Pukul 12 malam, kami tiba dirumah kembali. Makan malam Natal baru kami nikmati di rumah. Sedap menunya meskipun sederhana. Nasi dan lauk dibungkus dengan daun pisang. Memang lapisan pembungkus bagian luar menggunakan kerta nasi, tetapi lembaran di dalamnya memakai daun pisang. Penggunaan daun pisang untuk membungkus makanan juga masih dipertahankan warga Batutu. Pemakaian kertas nasi dimaksudkan untuk menambah keamanan makanan agar tak mudah robek ketika dibagikan. Wangi nasi dan lauknya sangat terasa dan mengundang selera makan. Saya menghabiskan dua porsi makanan.
Pukul setengah dua subuh, mata sudah tak sanggup begadang. Meskipun dari berbagai sudut perkampungan, sayup-sayup masih terdengar letusan kembang api dan petasan, akan tetapi capek dan kantuk membuat saya tertidur lelap. Saya terjaga ketika matahari sudah mulai naik dari ufuk timur dan suara ayam di kolong rumah sudah saling bersahutan.
Karena rumah di kampung adalah rumah panggung dari kayu, maka sangat terasa goyangan kecil ketika ada yang berjalan. Saya segera terbangun, berdiri sejenak di emper rumah menikmati suasana pagi dari kampung Batutu. Kabut masih menyelimuti sebagian lokasi sekitar. Ada seseorang yang sudah turun mencangkul di sawah dan  sejumlah sapi yang mengais rerumputan di sekitar sawah tadah hujan di depan rumah. Saya lalu turun ke kolong rumah. Jejak hujan lebat semalam sangat jelas.
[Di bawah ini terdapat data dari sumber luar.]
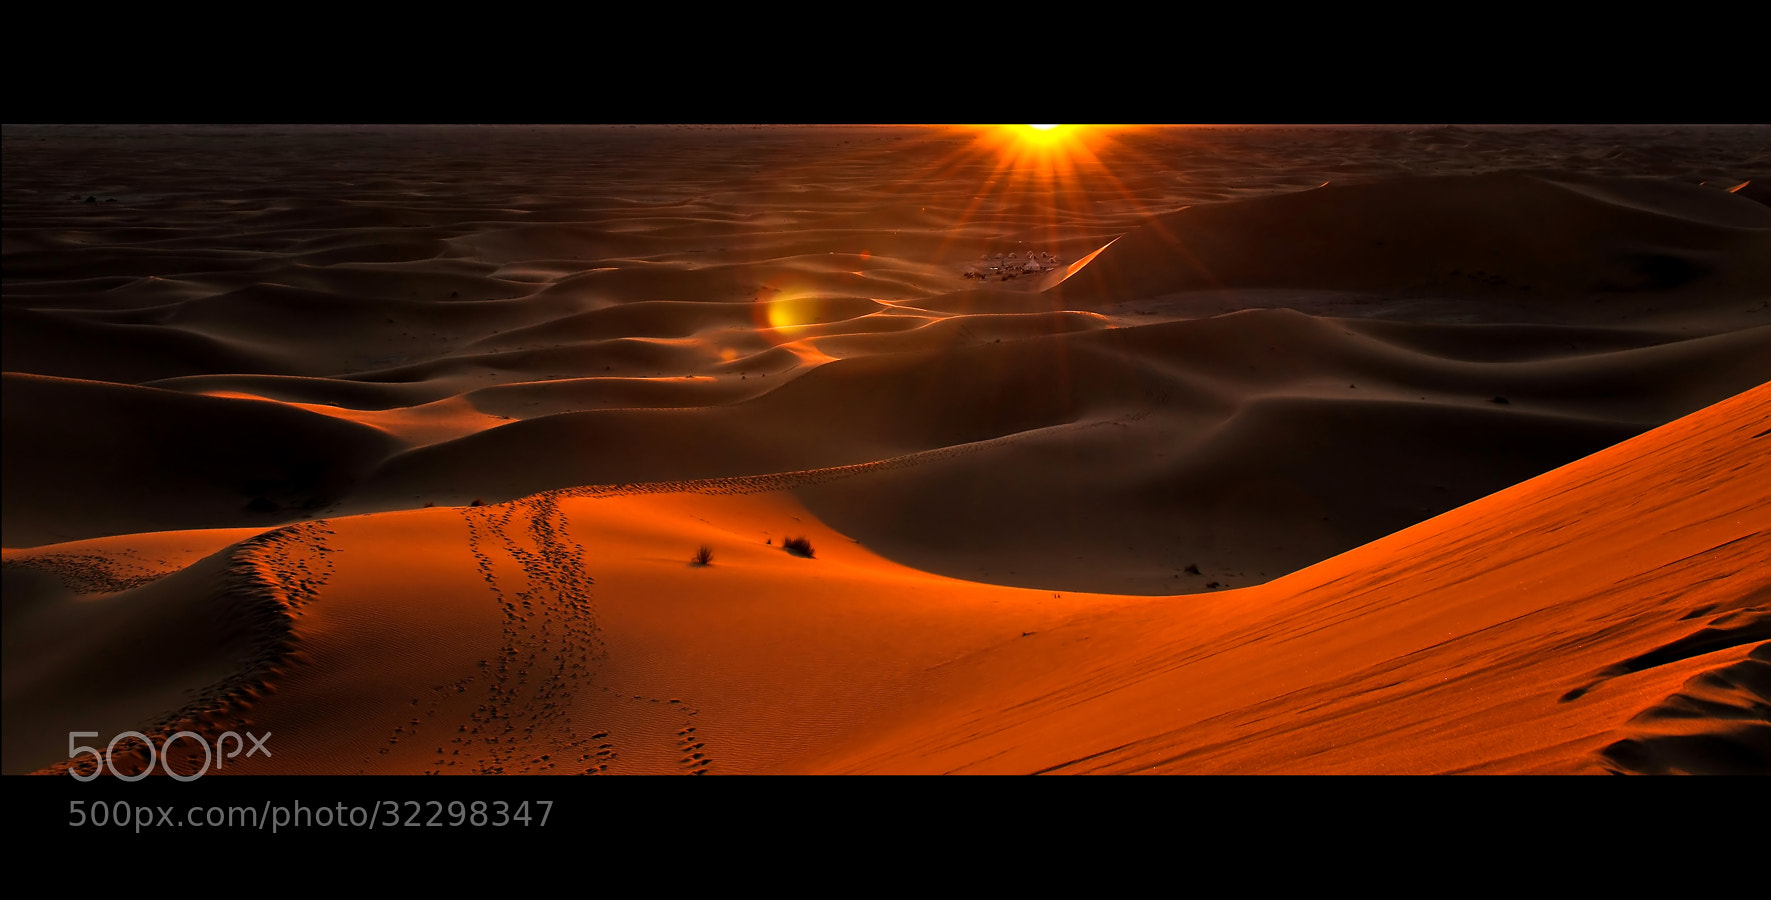 Photograph * Sahara sunrise * by clement jousse on 500px

Jalan kampung yang berbatu, lumpurnya bersih tersapu air.
Lalu, dibalai-balai teronggok sayur pakis segar. Wah....saya yang merupakan pecinta sayur pakis pun langsung tergoda untuk segera menumis sayur pakisnya. Entah dari mana kakek anak-anak mendapatkannya. Tapi saya bisa menebak, dari sekitar kolam ikan. Dukungan lingkungan yang masih terpelihara kealamiannya, daun pakis masih banyak ditemui tumbuh subur di sekitar kampung Batutu. Terlebih terdapat air dari sungai-sungai kecil yang mengalir sepanjang tahun.Â
Ternyata, masih ada kejutan pagi. Tiba-tiba nampak satu jamur ukuran sedang di samping rumah. Baru saja tumbuh diantara rerumputan. Belum ada semut yang mendekat di sekitar jamur, artinya benar-benar masih fresh. Di sekitarnya pun ada jejak jamur-jamur kecil yang juga bisa dikonsumsi. Orang Gandangbatu biasa menyebutnya ra'tuk. Saya belum mendapatkan bahasa lokal Rano terkait jamur kecil-kecil itu. Sementara jamur dalam bahasa Toraja disebut basi. Mungkin jamurnya masih sempat merayakan Natal semalam.Â
Sempurna menu sarapan pagi itu, sayur pakis dan jamur segar. Cara masaknya sederhana saja. Masak tiga ala mertua. Air secukupnya direbus, ketika air mendidih, daun dan batang muda pakis serta jamur dimasukkan dan direbus beberapa saat. Setelahnya, tinggal ditambah garam tanpa penyedap rasa. Jadilah sayur bening daun pakis dan jamur. Kuahnya segar ditambah aroma khas alami pakis dan jamur. Perpaduan nasi hangat dan sayur pakis membuat selera sarapan pagi layaknya makan siang.Â
Segar. Sangat sulit bertemu menu segar dari alam di kota. Di masa libur Natal ini, saya bertemu menu paling istimewa. Sayur pakis dan jamur segar. Ditambah lingkungan yang masih alami di sekitar kampung Batutu. Segarnya udara masih sangat terasa. Kondisi perkampungan masih minim pencemaran.
Selamat Hari Natal bagi Kompasianer yang merayakannya. Salam Damai.